START GIVEN MATERIAL
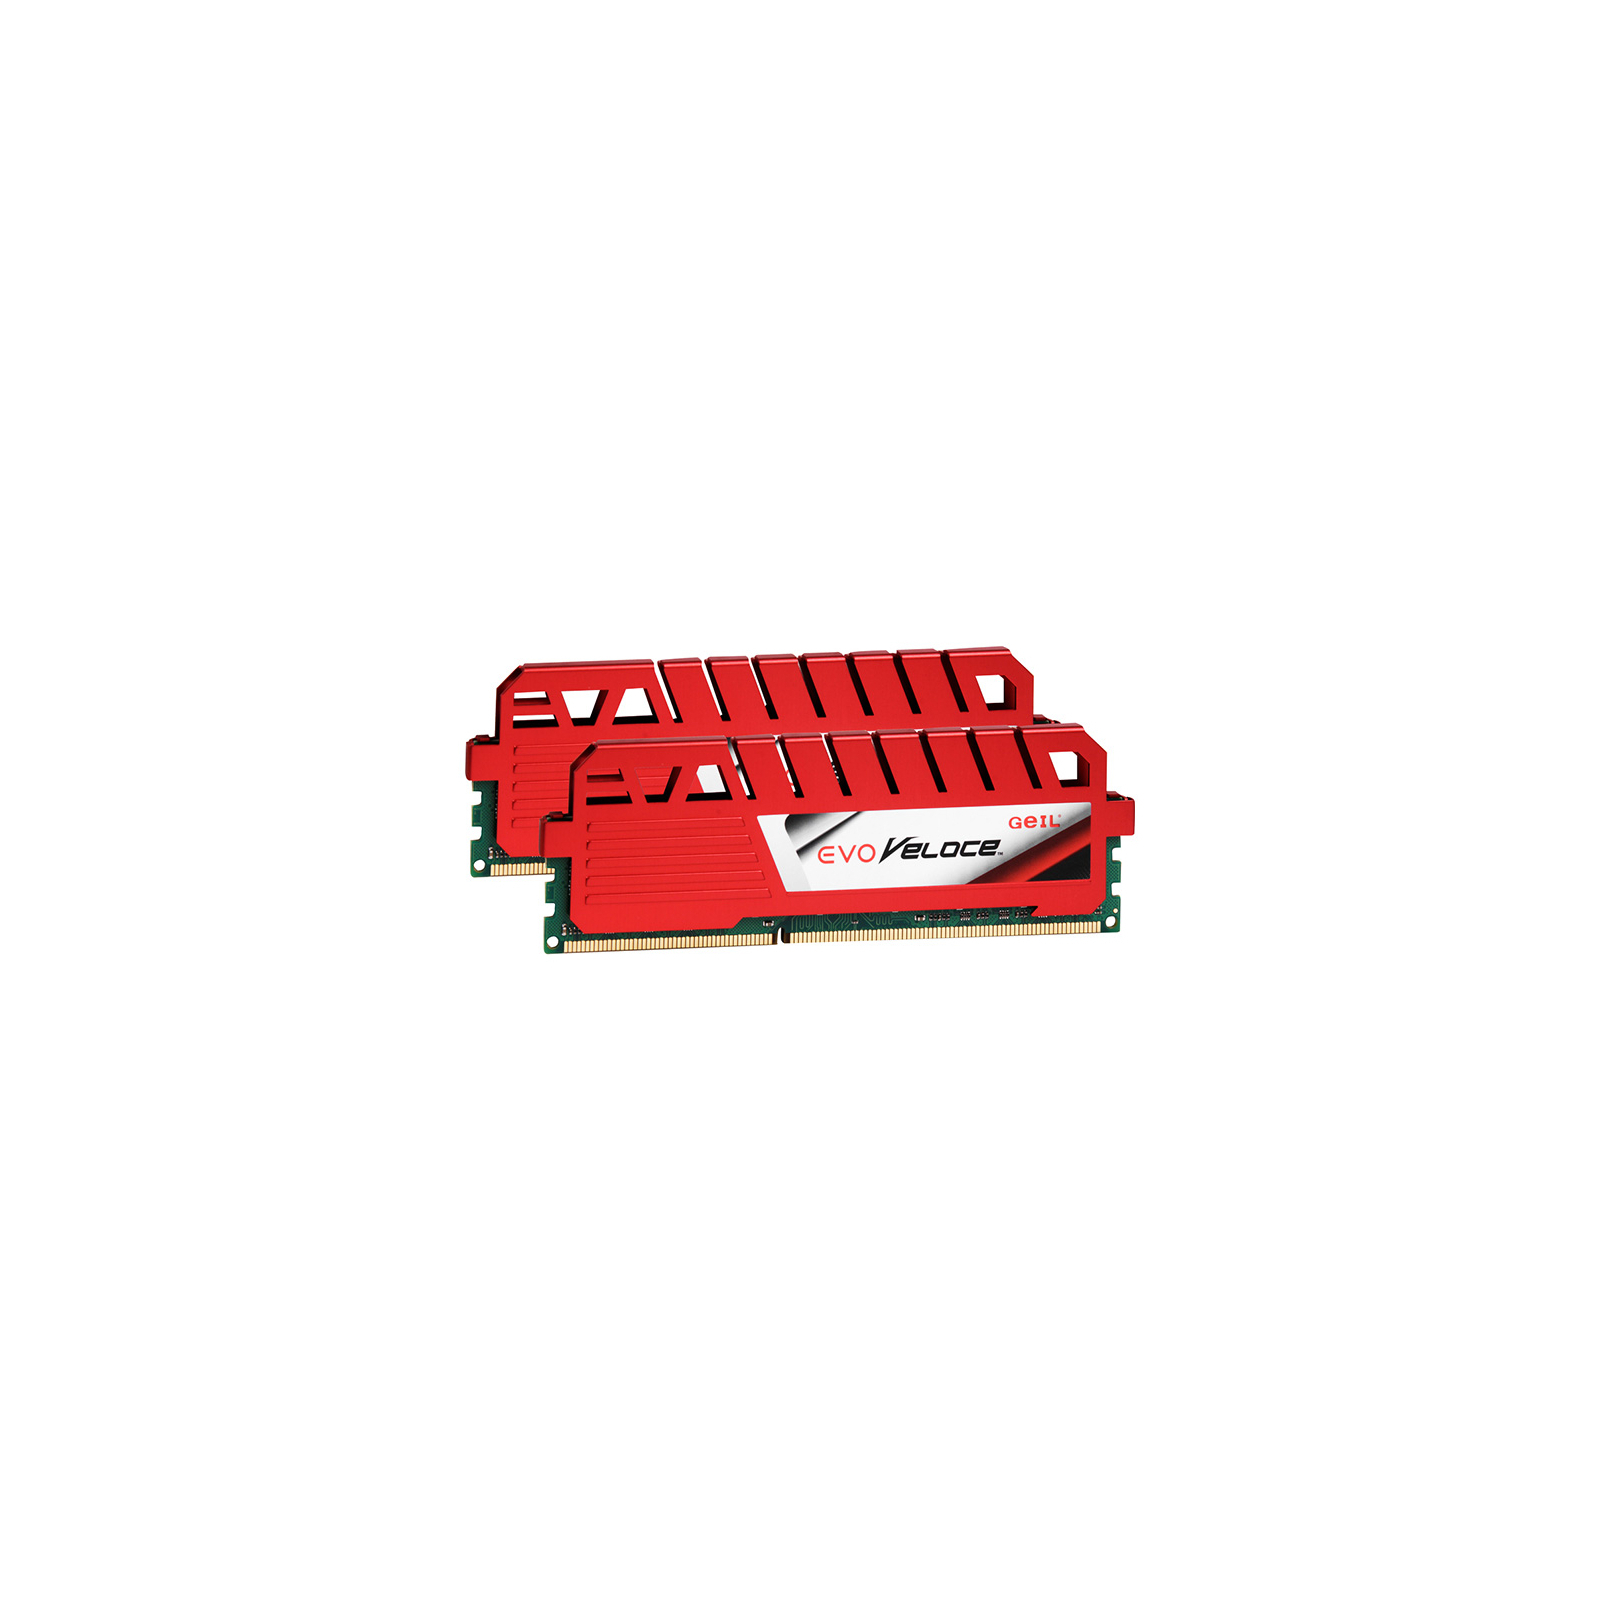 Модуль памяти для компьютера DDR3 16GB (2x8GB) 1600 MHz VELOCE Heatsink Geil (GEV316GB1600C11DC) изображение 2
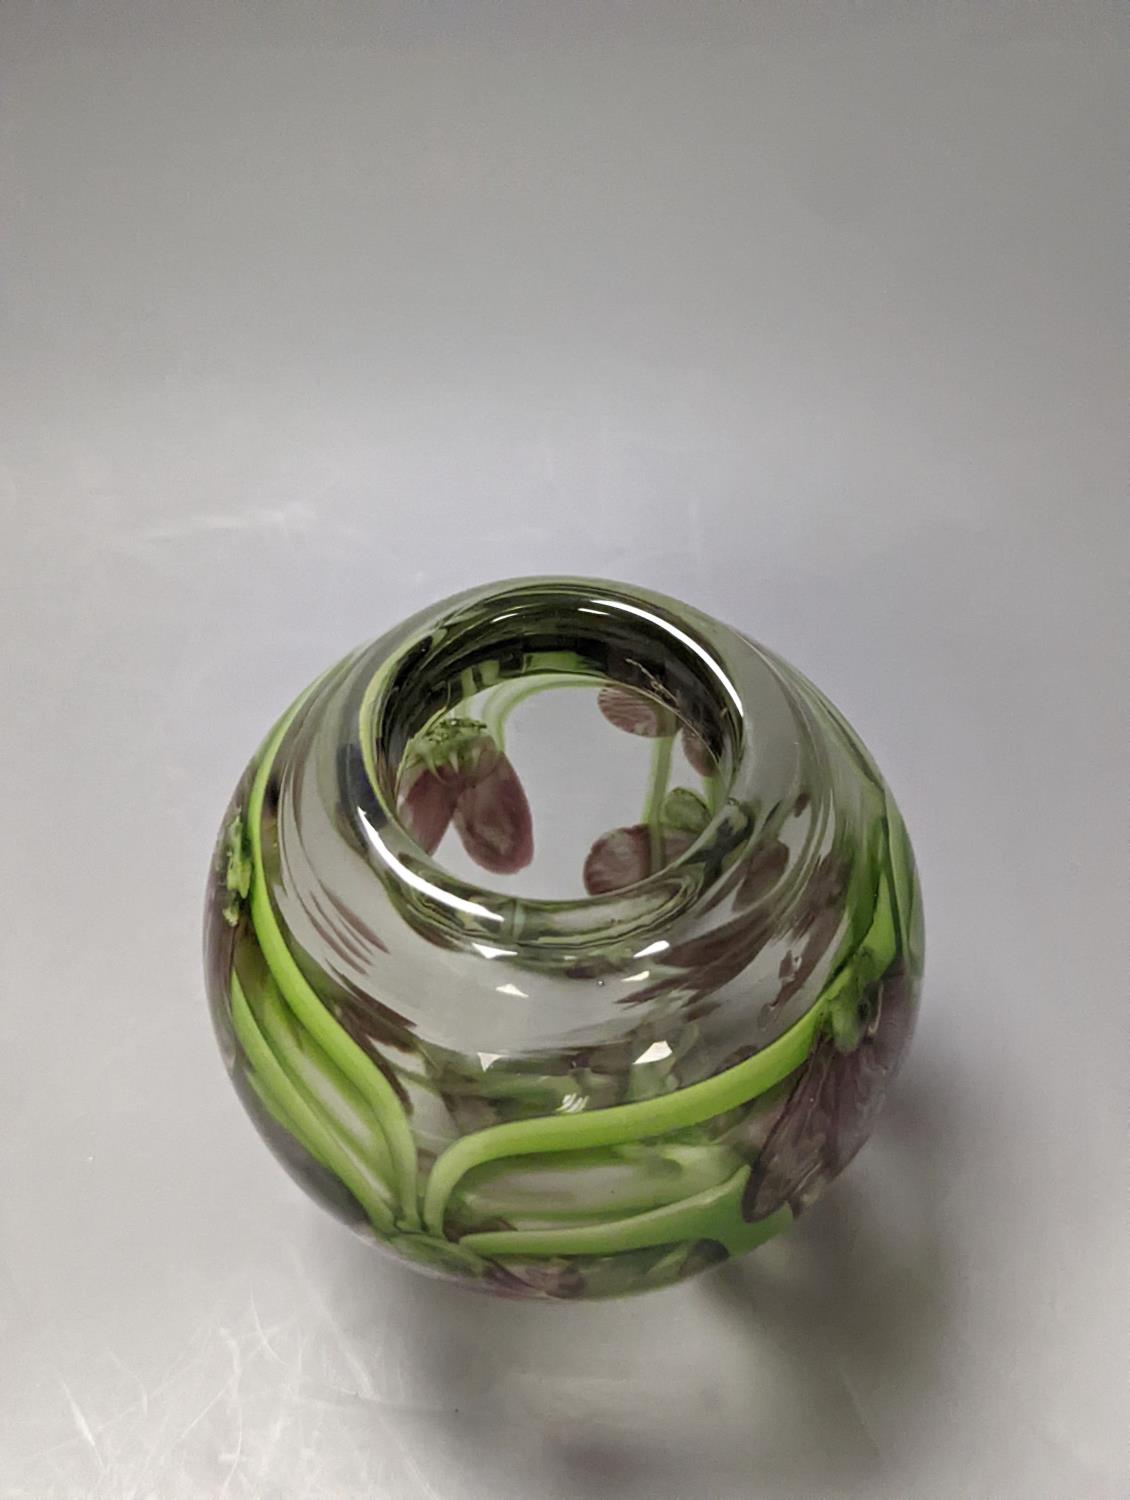 An Art glass lamp work vase 13.5cm - Image 2 of 3
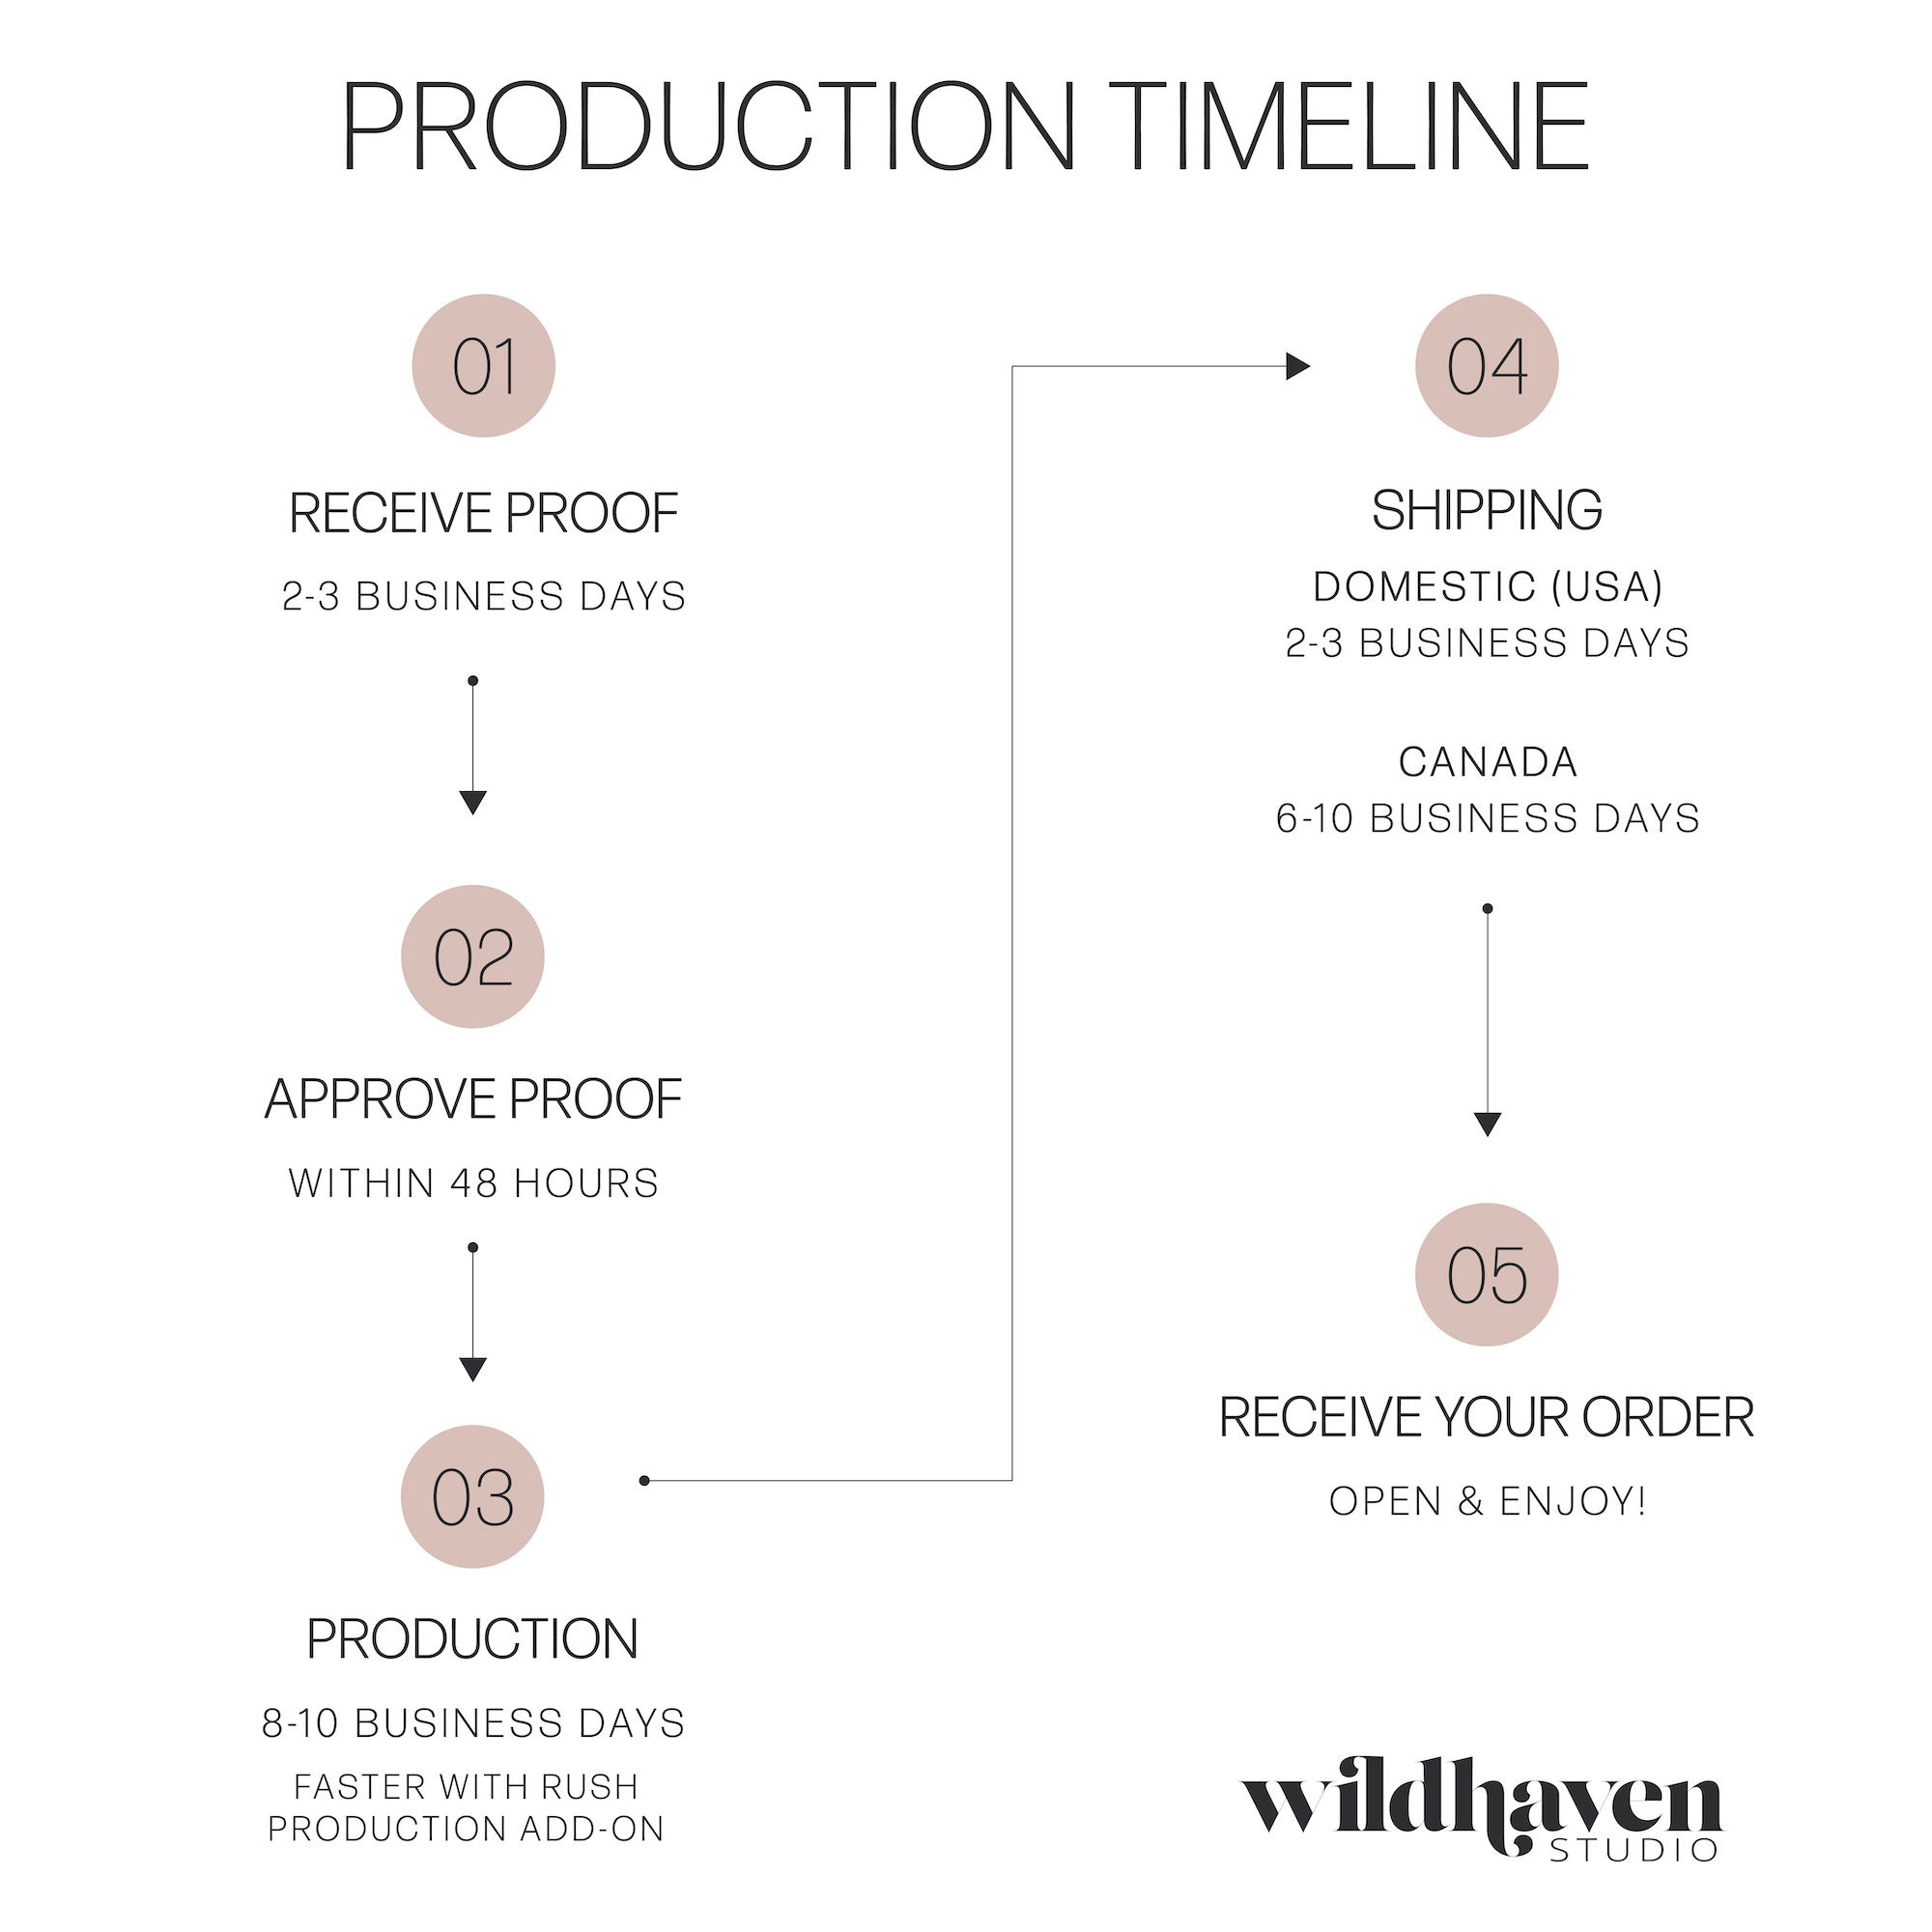 wildhaven studio production timeline
END GIVEN MATERIAL
**WORK ORDER**
All lines from the one holding "An Art glass" to the end of the listing above need to be duplicated exactly. None of the pictures should be included.

**SOLUTION FOR THIS EXERCISE**
 An Art glass lamp work vase 13.5cm - Image 2 of 3
 wildhaven studio production timeline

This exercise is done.